Bad link, I assume referring to https://github.com/solana-labs/solana/pull/26915?
Since message is used in transaction responses too, data makes sense to differentiate. But signedMessage when the data is what gets signed is a bit confusing. signedData could work though. I'll use it to refer to this concept.
On that subject, however, what are the use cases envisioned for message to be provided alongside data? The argument for including it with transaction is more obvious.

The field is the same as the field from the first POST request response body

signedData may not be the same if it was prefixed (which is why we include it here) but arguably we could do away with this entirely if we specify in the spec that the data must be prefixed according to https://github.com/solana-labs/solana/pull/26915. This requires that spec to become finalized, though this is a major blocker for Mobile Wallet Adapter 1.0, so I would expect this to happen soon.
signature should be specified as the base64 encoded signature bytes (many wallets use base58 for message signatures as well as tx signatures).
We probably need to think about how practical a stateless design for this is. If a malicious client modifies the data, then posts the modified signedData along with its signature, the server has no way of knowing without persisting something. It could persist it statefully by the account, or persist it statelessly by adding some message authentication or signature of the data to the data itself, or perhaps in another field that must be returned.

/* req 1 */ { "account": "base58" }
/* res 1 */ { "account": "base58", "data": "base64", "mac": "base64" }

/* req 2 */ { "account": "base58", "data": "base64", "mac": "base64", "signature": "base64" }
/* res 2 */ 200 OK

An overall downside of all this is increasing complexity of the protocol, mostly from the API server's end. Servers need to be pretty smart about what they put in the message (because it can't be modified/corrected), how they authenticate it (because they need to generate MACs and verify MACs as well as the signatures), how they store private keys (to generate MACs), and how to prevent replay attacks.
This might be okay for the protocol to give it more flexibility, but it makes me wonder if we will want to just implement a full authentication solution OOB, because it's the most obvious use case, every server is going to have to create their own, and many will end up half-baked and unsecure.
Another possibility is to take a very different direction, something like Glow's signIn() functionality. Instead of having the server generate a message to be signed, we have the wallet generate a stock message with a URL, account, timestamp, and nonce, sign it, and provide that to the server. This has numerous pros and cons. One pro is that it can be done in one hop, because the server doesn't need to know the account first. One con is that this likely requires a new URL spec (can't just blindly sign in to tx request URLs).

jordaaash commented 2 years ago

Tagging @jnwng for feedback, he's been interested in this as well.

samheutmaker commented 2 years ago

I changed <signedMessage> to <signedData>. This makes much more sense.
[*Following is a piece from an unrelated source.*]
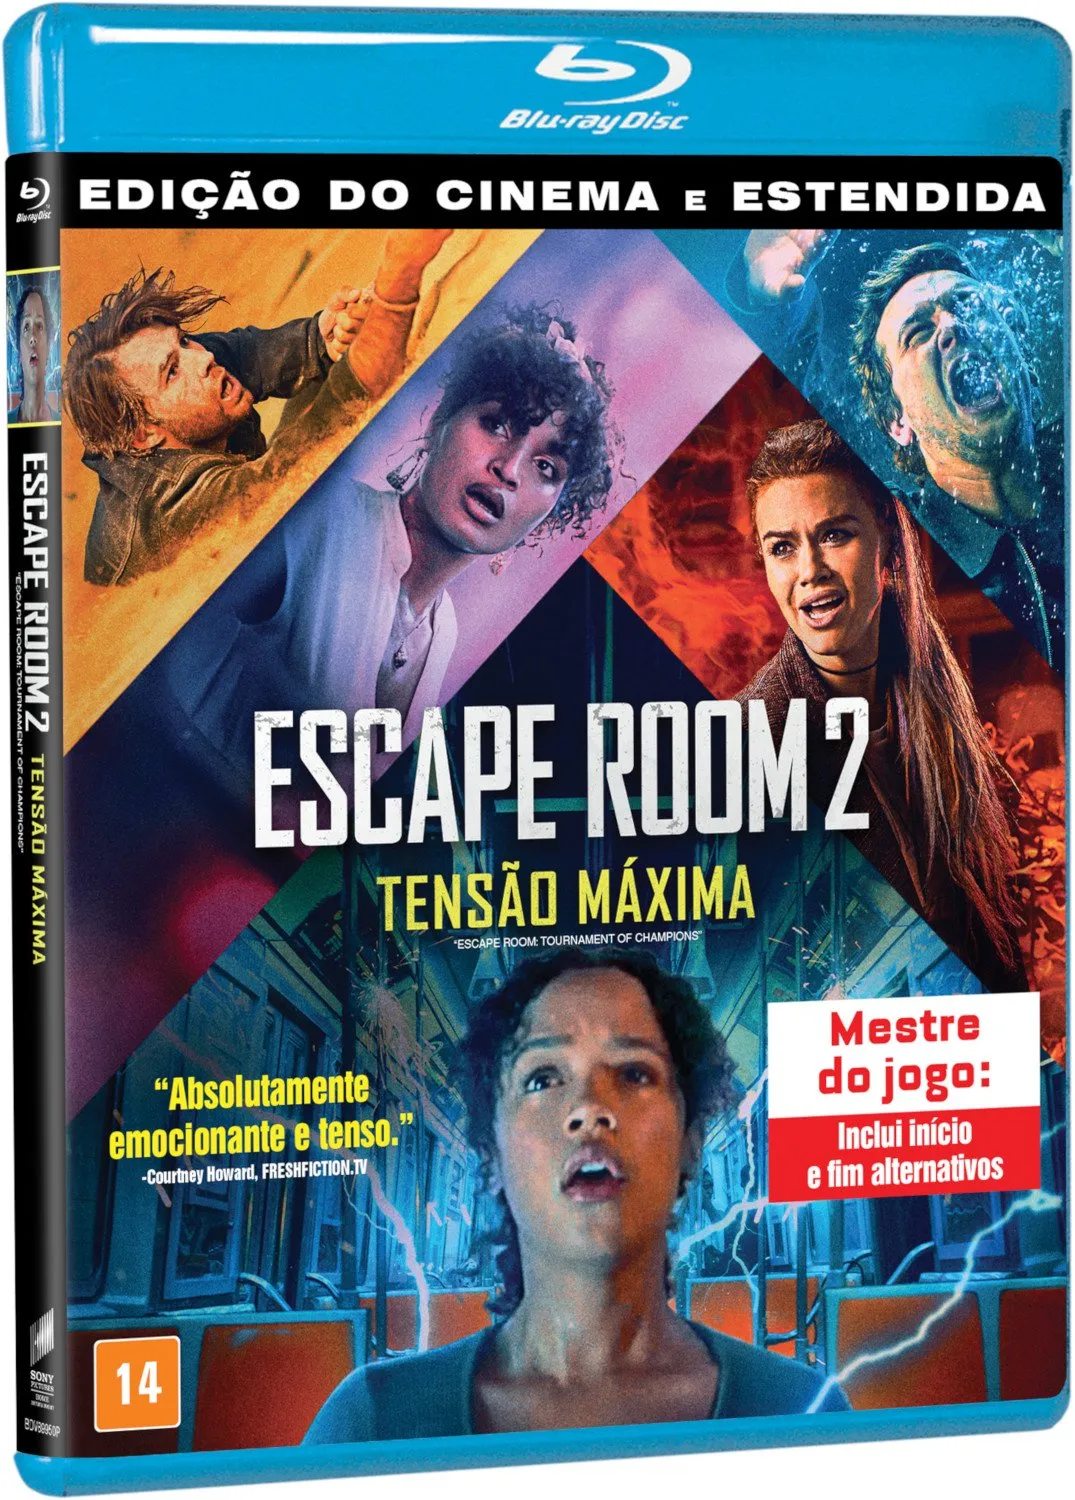 ESCAPE ROOM 2: TENSÃO MÁXIMA - Blu-ray
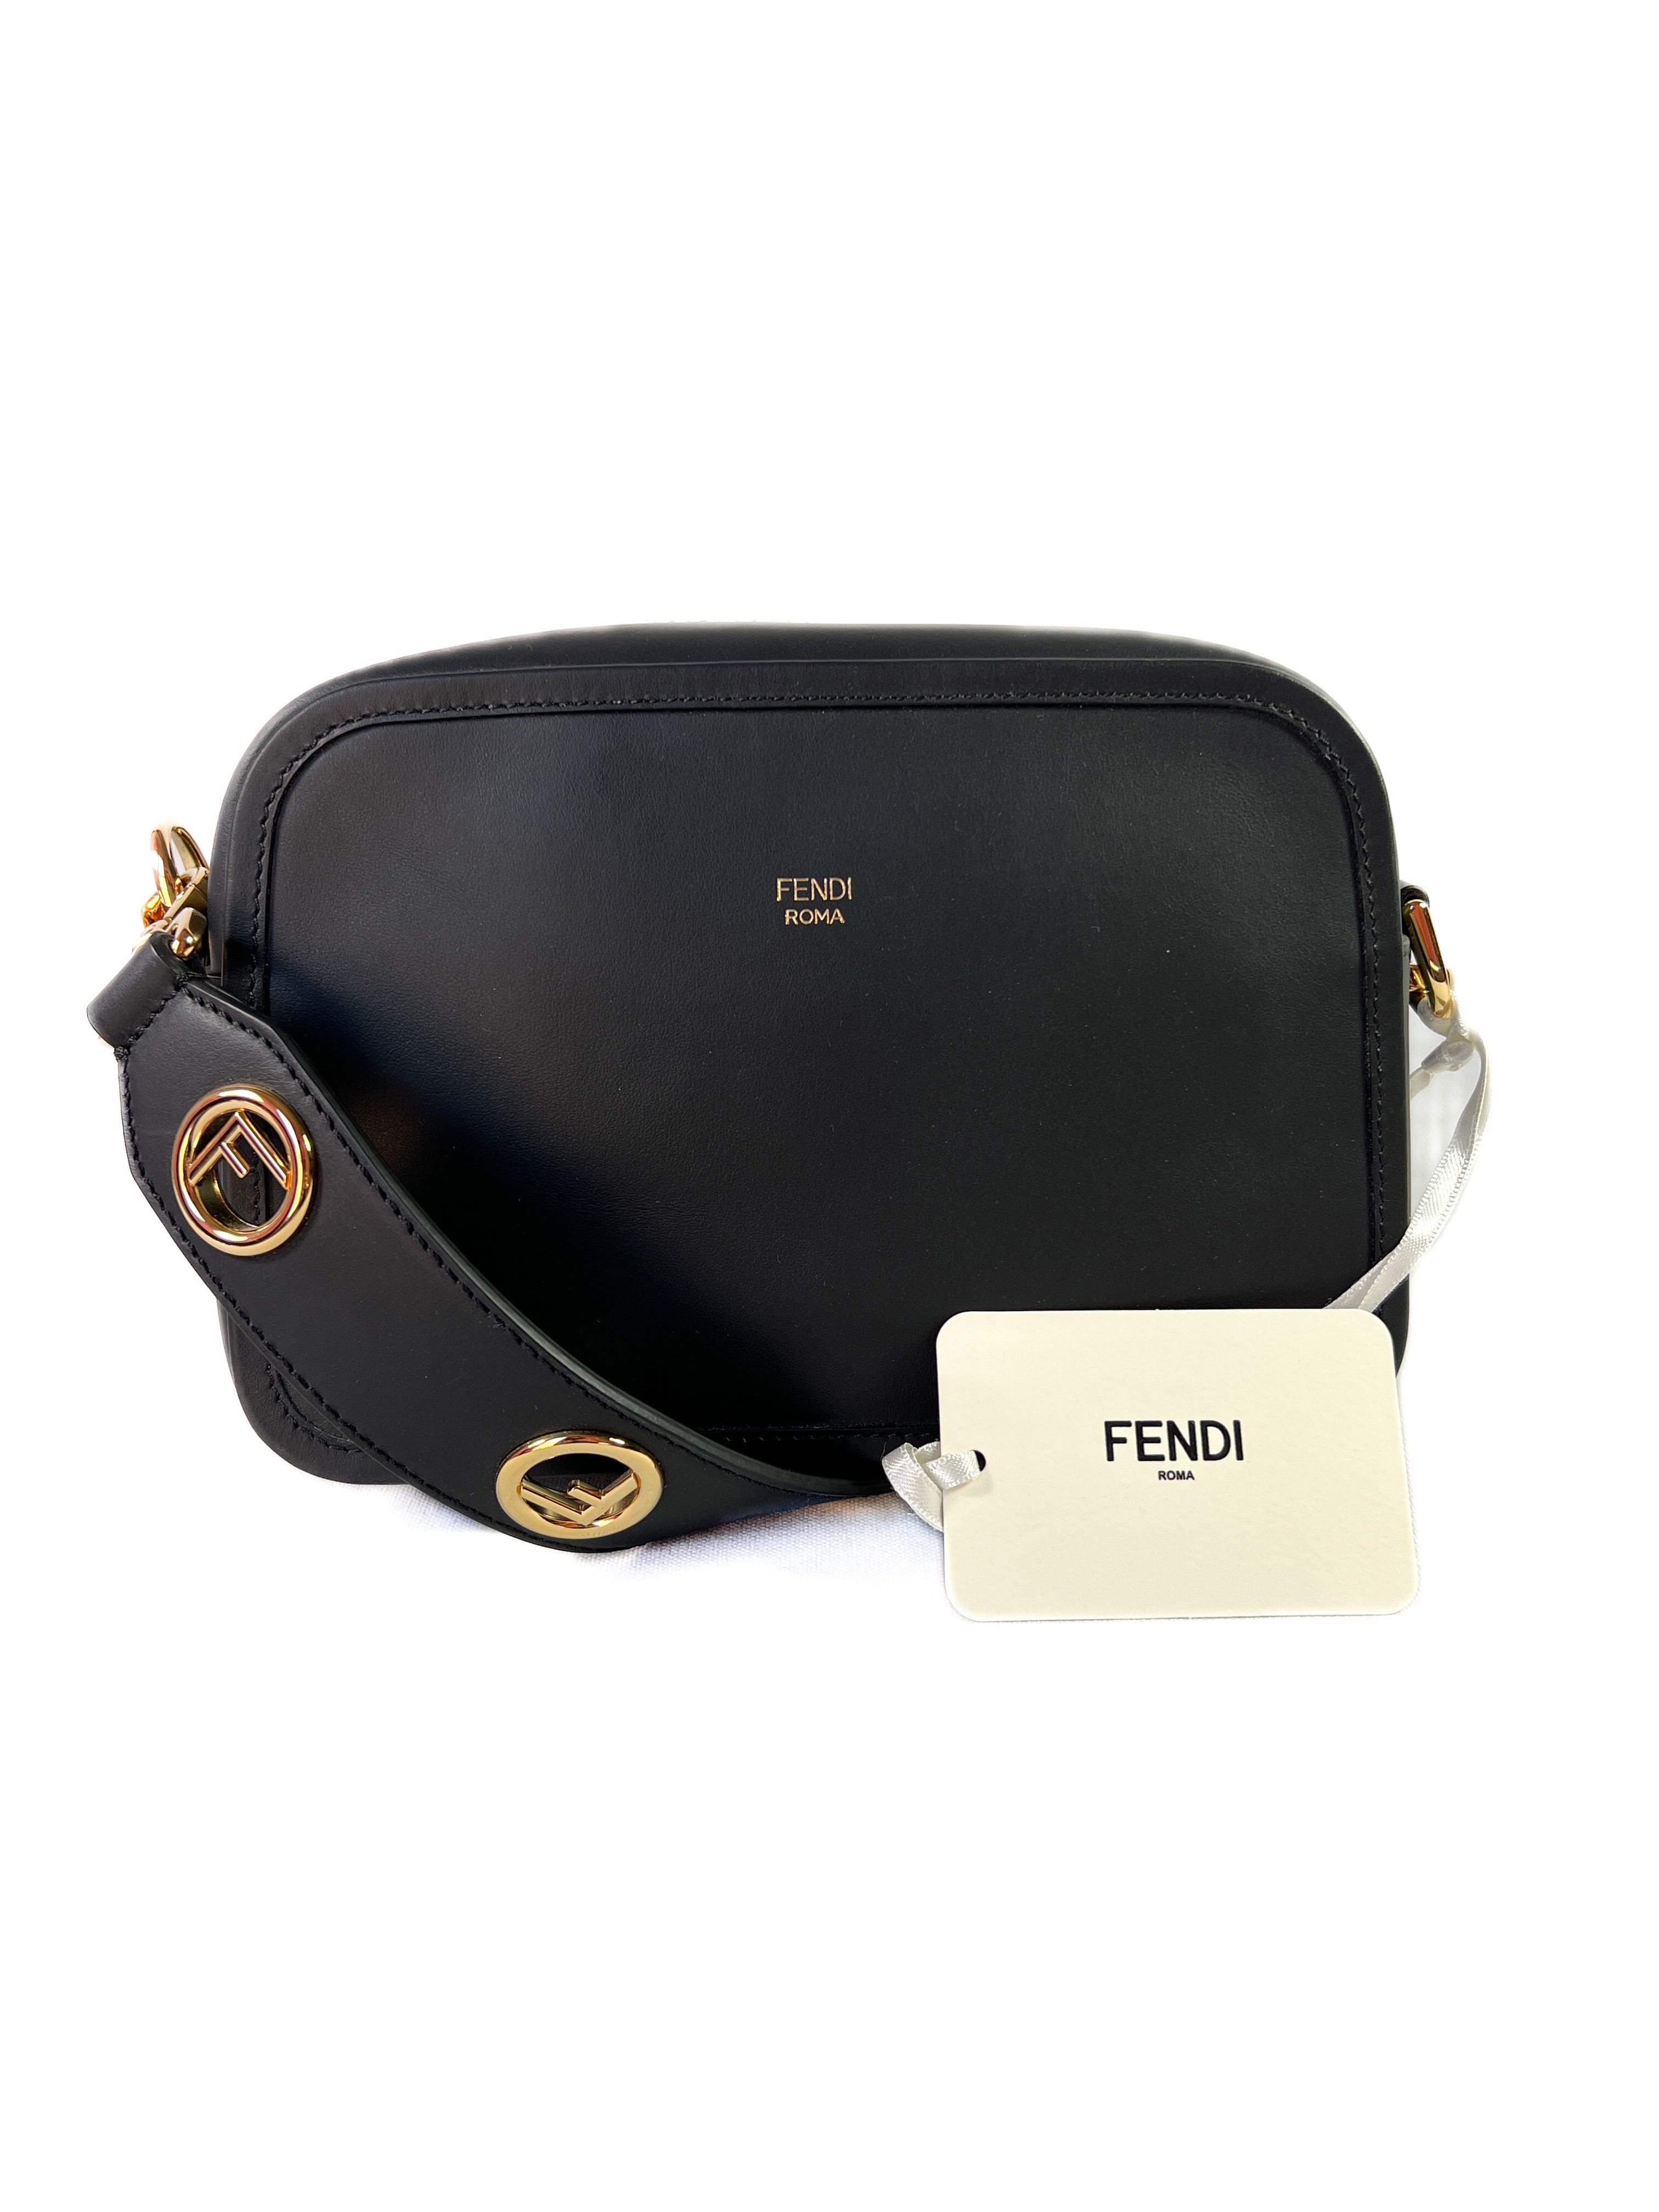 Fendi Roma Camera Case - Black leather bag

On that subject, however, what are the use cases envisioned for message to be provided alongside data? The argument for including it with transaction is more obvious.
Including <message> allows dapps to add context to the message signing request. For example, depending on the action a user is taking, a dapp may send {"message": "Login in with Solana Pay"} or {"message": "Confirm address ownership to continue"}, or whatever makes sense in that context. It also keeps the spec more inline with transaction requests, which Solana Pays devs are already familiar with.

signedData may not be the same if it was prefixed (which is why we include it here) but arguably we could do away with this entirely if we specify in the spec that the data must be prefixed according to https://github.com/solana-labs/solana/pull/26915. This requires that spec to become finalized, though this is a major blocker for Mobile Wallet Adapter 1.0, so I would expect this to happen soon.
I like the idea of adhering to this spec as it offers consistency within the ecosystem. This means that <signedData> would contain only the <message> (bytes 0x14..n) from the <data> payload, I think.

signature should be specified as the base64 encoded signature bytes (many wallets use base58 for message signatures as well as tx signatures).
Updated the initial issue to reflect this.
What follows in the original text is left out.